Do you think it's worth adding that test?
'read_file_content_by_id' is a suboptimal try to recreate a restore because you read the files in the exact same order as they were written, which can make a huge difference depending on disk type and filesystem
As mentioned - that's on purpuse.
Should I read this in inverse order?
there are some results that are probably not real and is masked by some cache (probably the drives): e.g. you get ~200000 20000 IOPS on a QLC ssd, i very much doubt that is sustainable, i guess there is some SLC cache or similar going on (which skews your benchmark)

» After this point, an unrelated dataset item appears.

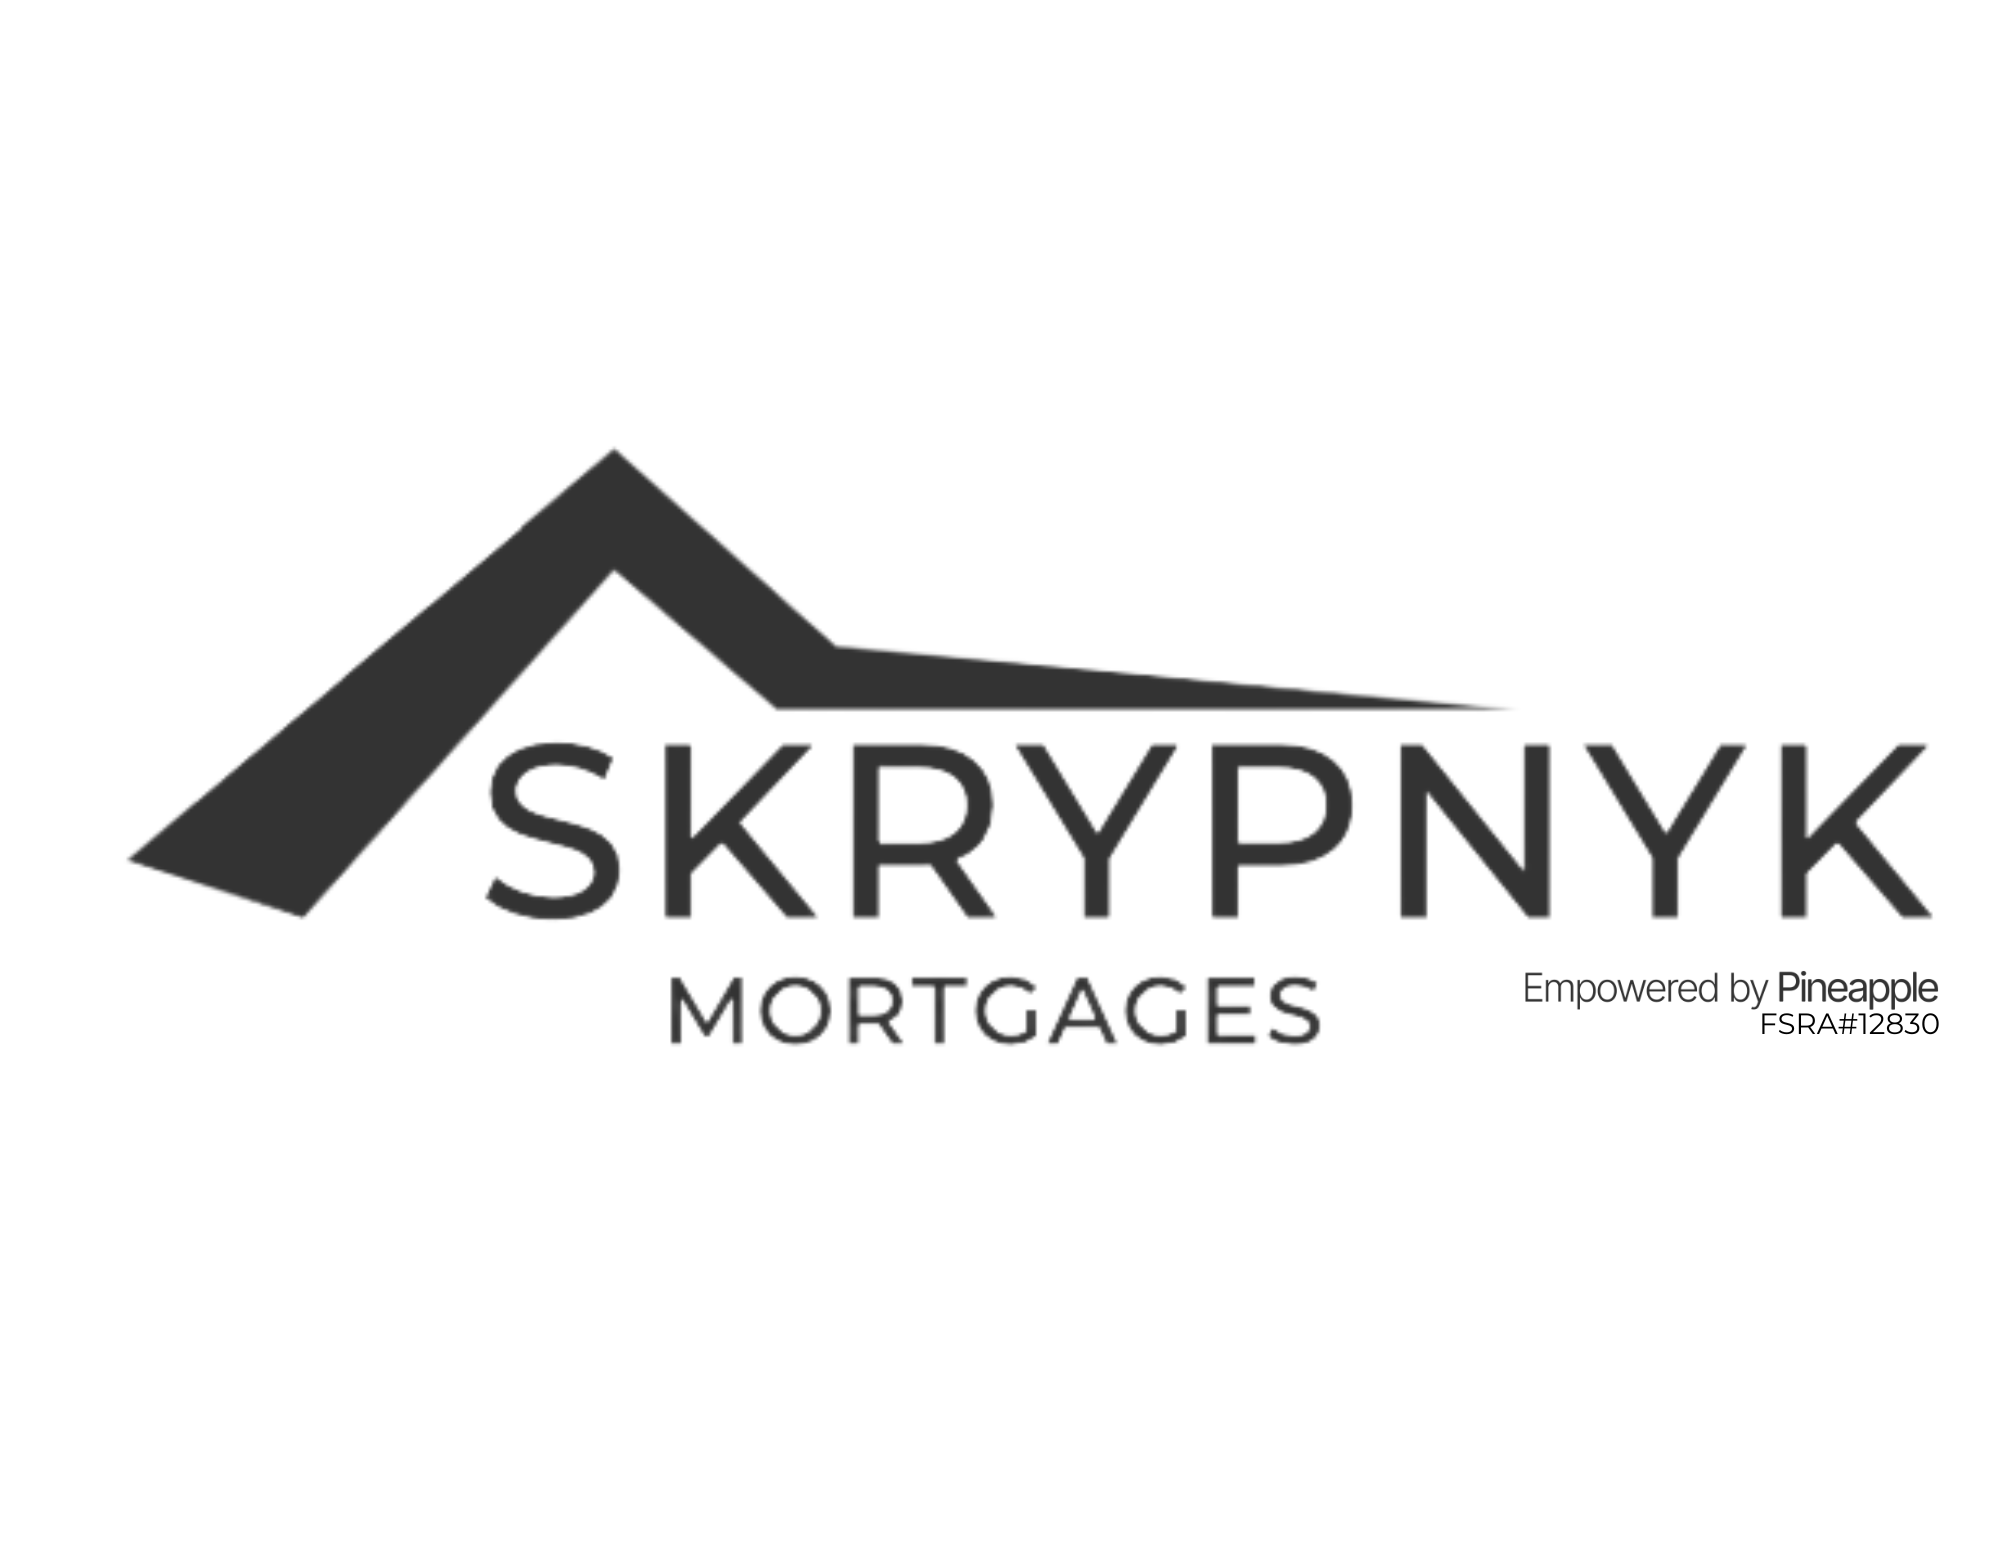 Skrypnyk Mortgages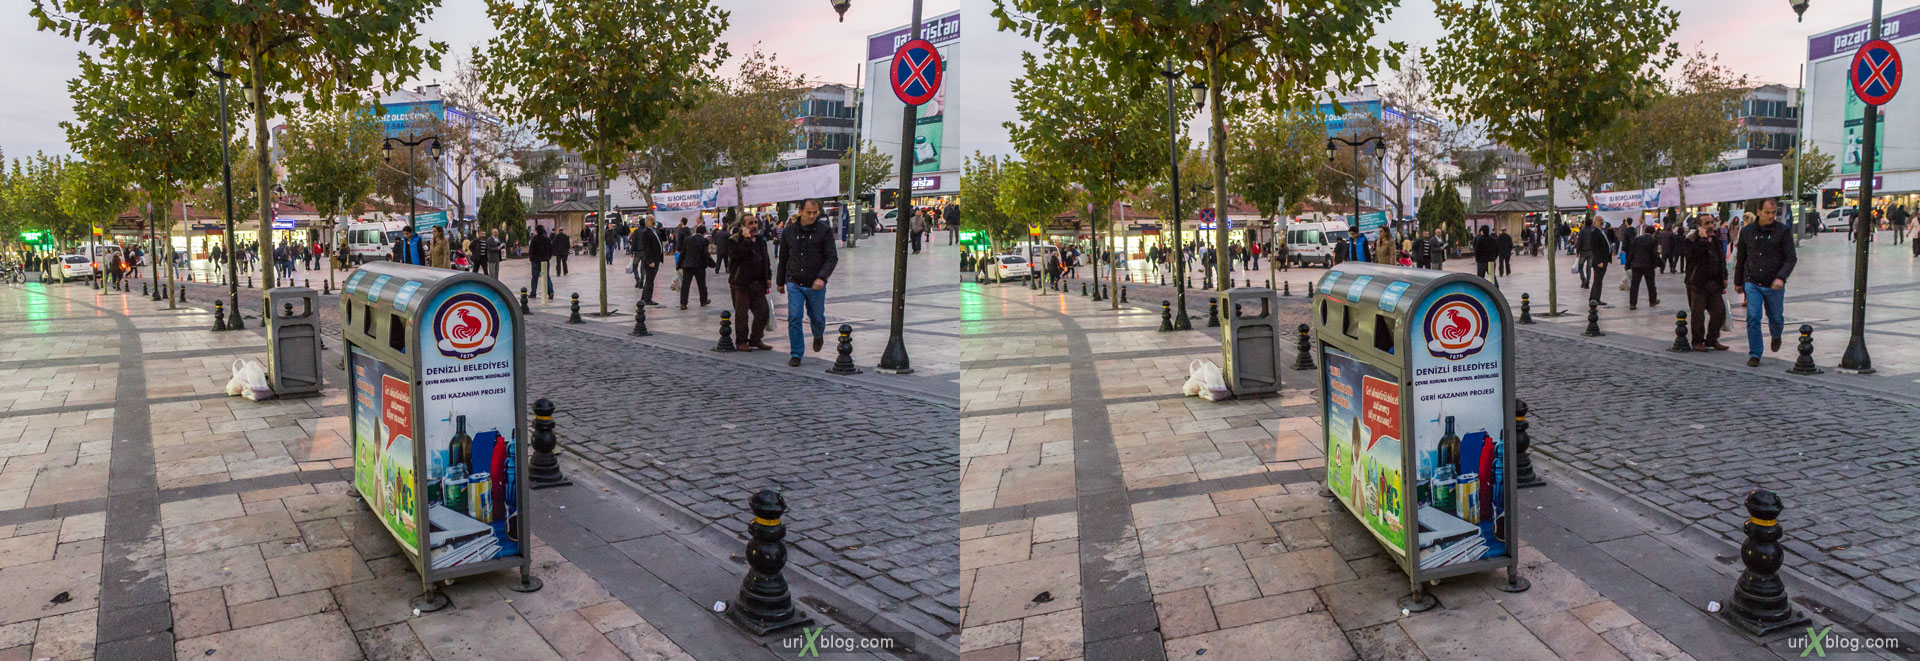 Denizli, Turkey, city, 3D, stereo pair, cross-eyed, crossview, cross view stereo pair, stereoscopic, 2014

please don't use usb disks, the usb connection/adapter alone will introduce any number of caches and slowdown that skews the benchmark
I used - on purpose - the worst hardware that I could find. Using the Big O notation we learned, that hardware just changes a coefficient. It is very hard to change a factor in a power of 10 e.g. "this is 1000x faster".
Thanks for your rant on usb for any proxmox product
Yes the internal caches of hardware are an additional factor that you have to eliminate by the content size of the blocks.
Anyway
That is what makes this test optimal. For the localhost/localhost nfs, smb, sshfs... we eliminated the factor hardware - since we run on the same disk ask the ext4. For benchmarking the filesyste it's quite accurate.
I hope that you don't live under the impression putting a nfs/samba server on top of a ramdisk would make it "fast"
I can do such a test. We will still see the 40 sec vs. 2 hours.
now for the conclusions (at least some thoughts on some of them):
* yes i agree, we should more prominently in the docs tell users to avoid remote and slow storages
* zfs has other benefits aside from "speed", actually it's the reverse, it's probably slower but has more features (like partiy, redunancy, send/receive capability, etc.)
* SATA has nothing to do with performance, there are enterprise SATA SSDs as well
* there is already a 'benchmark' option in the pbs client, we could extend that to test other things besides chunk uploading of course
* i'm not conviced the number of buckets make a big difference in the real world (because of the methodology points i pointed out above)
* i'm not sure sshfs is a good choice for remote storage, everytime i use it find it much slower than nfs/smb, also it may not support all filesystem features we need (it does not have strict POSIX semantics)
- ZFS might be faster with more disks /raid (I was lazy not to measure that) - I coudn't find any "dramatic" gain over ext4
- We used SATA spinning rust. If you have the option to choose - use flash for the backups/restore and spinning rust for backups of backups
- the number of buckets (and how you create them) are a major issue (on remote filesystems) the tests clearly indicates that
- sshfs is the only remote fs - the numbers - prove to chose do you really recomend to wait 2h for samba / nfs - while sshfs is done in 5 minutes?
Can you please elaborate what made you guys use buckets? That would be interesting. Here what squid does:
Code:
# cache_dir ufs /var/spool/squid XXXXX 16 256
/var/spool/squid/00/00
/var/spool/squid/00/BA
...
/var/spool/squid/00/98
/var/spool/squid/00/2B
You get 16 toplevel buckets each with 256 child buckets. So the user can decide what's "optimal".